No breaking changes are known due to this proposed disambiguation rule.

Interesting examples

Here are some interesting results of these disambiguation rules:

The expression (A < B, C > D) is a tuple with two elements, each a comparison.

The expression (A<B,C> D, E) is a tuple with two elements, the first of which is a declaration expression.

The invocation M(A < B, C > D, E) has three arguments.

The invocation M(out A<B,C> D, E) has two arguments, the first of which is an out declaration.

The expression e is A<B> C uses a declaration expression.

The case label case A<B> C: uses a declaration expression.

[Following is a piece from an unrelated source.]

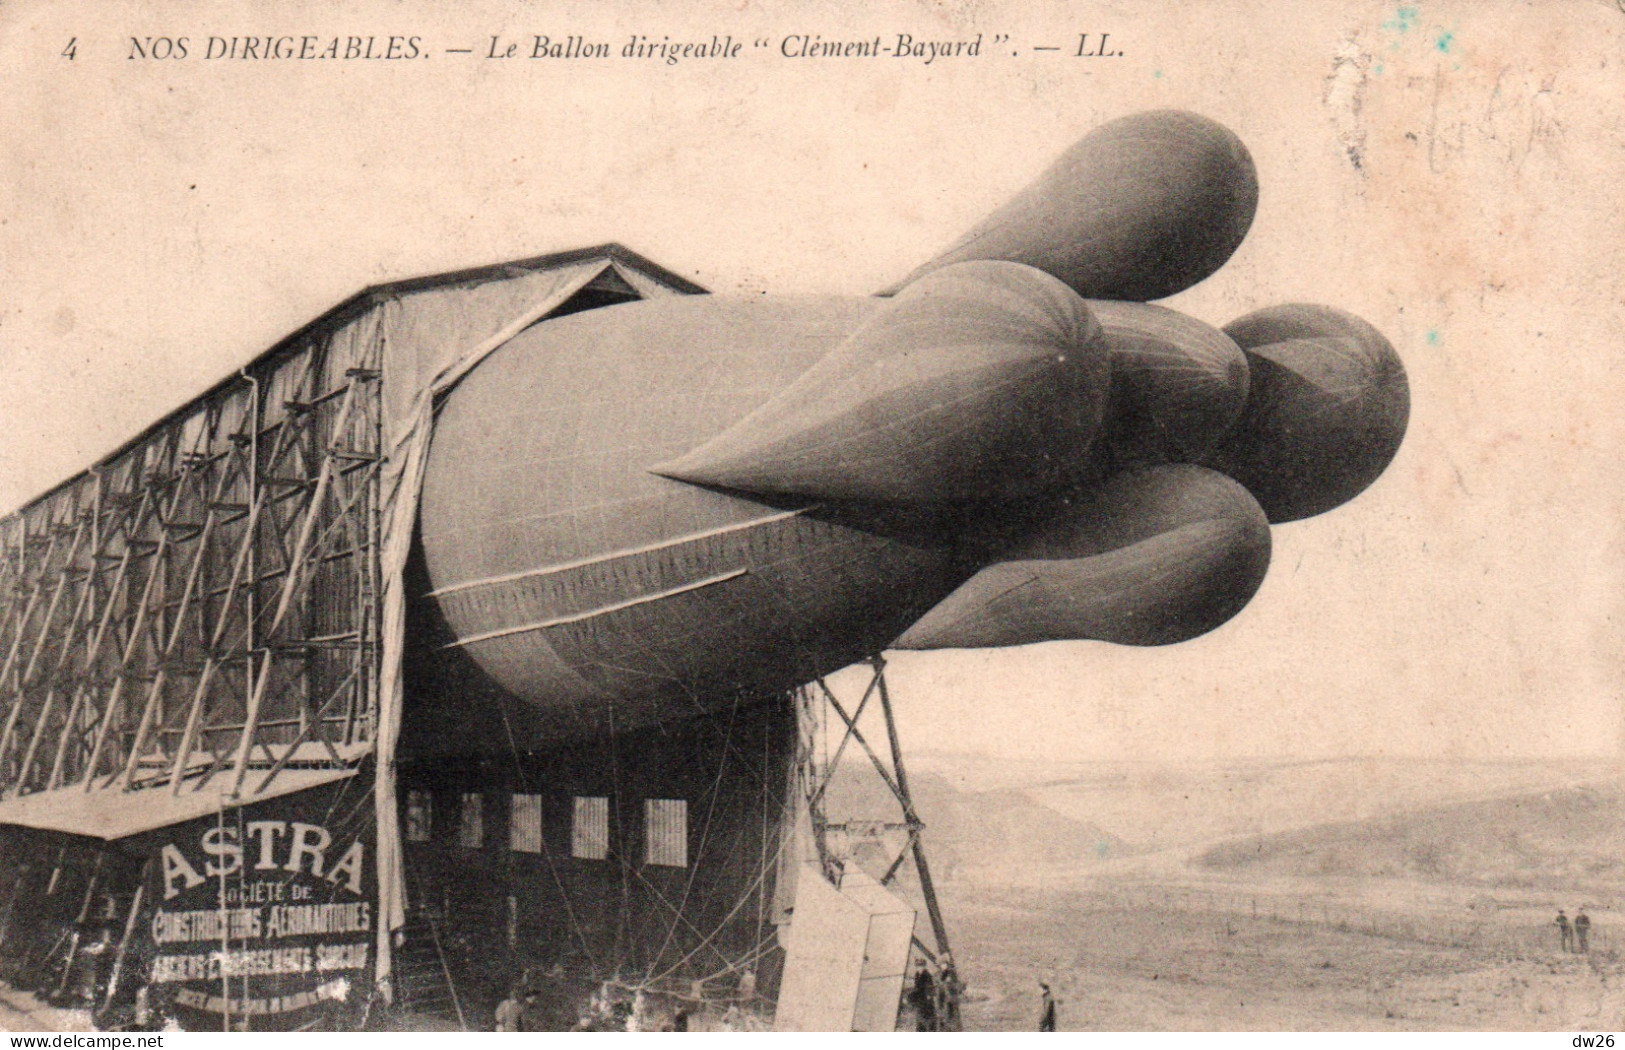 Nos Dirigeables: Le Ballon Dirigeable Clément-Bayard Sortant Du Hangar (Construction Société Astra) Carte LL N° 4 - Aeronaves

Some examples of pattern matching

Is-As

We can replace the idiom

var v = expr as Type;	
if (v != null) {
    // code using v
}

With the slightly more concise and direct

if (expr is Type v) {
    // code using v
}

Testing nullable

We can replace the idiom

Type? v = x?.y?.z;
if (v.HasValue) {
    var value = v.GetValueOrDefault();
    // code using value
}

With the slightly more concise and direct

if (x?.y?.z is Type value) {
    // code using value
}

Arithmetic simplification

Suppose we define a set of recursive types to represent expressions (per a separate proposal):

abstract class Expr;
class X() : Expr;
class Const(double Value) : Expr;
class Add(Expr Left, Expr Right) : Expr;
class Mult(Expr Left, Expr Right) : Expr;
class Neg(Expr Value) : Expr;

Now we can define a function to compute the (unreduced) derivative of an expression:

Expr Deriv(Expr e)
{
  switch (e) {
    case X(): return Const(1);
    case Const(*): return Const(0);
    case Add(var Left, var Right):
      return Add(Deriv(Left), Deriv(Right));
    case Mult(var Left, var Right):
      return Add(Mult(Deriv(Left), Right), Mult(Left, Deriv(Right)));
    case Neg(var Value):
      return Neg(Deriv(Value));
  }
}

An expression simplifier demonstrates positional patterns:

Expr Simplify(Expr e)
{
  switch (e) {
    case Mult(Const(0), *): return Const(0);
    case Mult(*, Const(0)): return Const(0);
    case Mult(Const(1), var x): return Simplify(x);
    case Mult(var x, Const(1)): return Simplify(x);
    case Mult(Const(var l), Const(var r)): return Const(l*r);
    case Add(Const(0), var x): return Simplify(x);
    case Add(var x, Const(0)): return Simplify(x);
    case Add(Const(var l), Const(var r)): return Const(l+r);
    case Neg(Const(var k)): return Const(-k);
    default: return e;
  }
}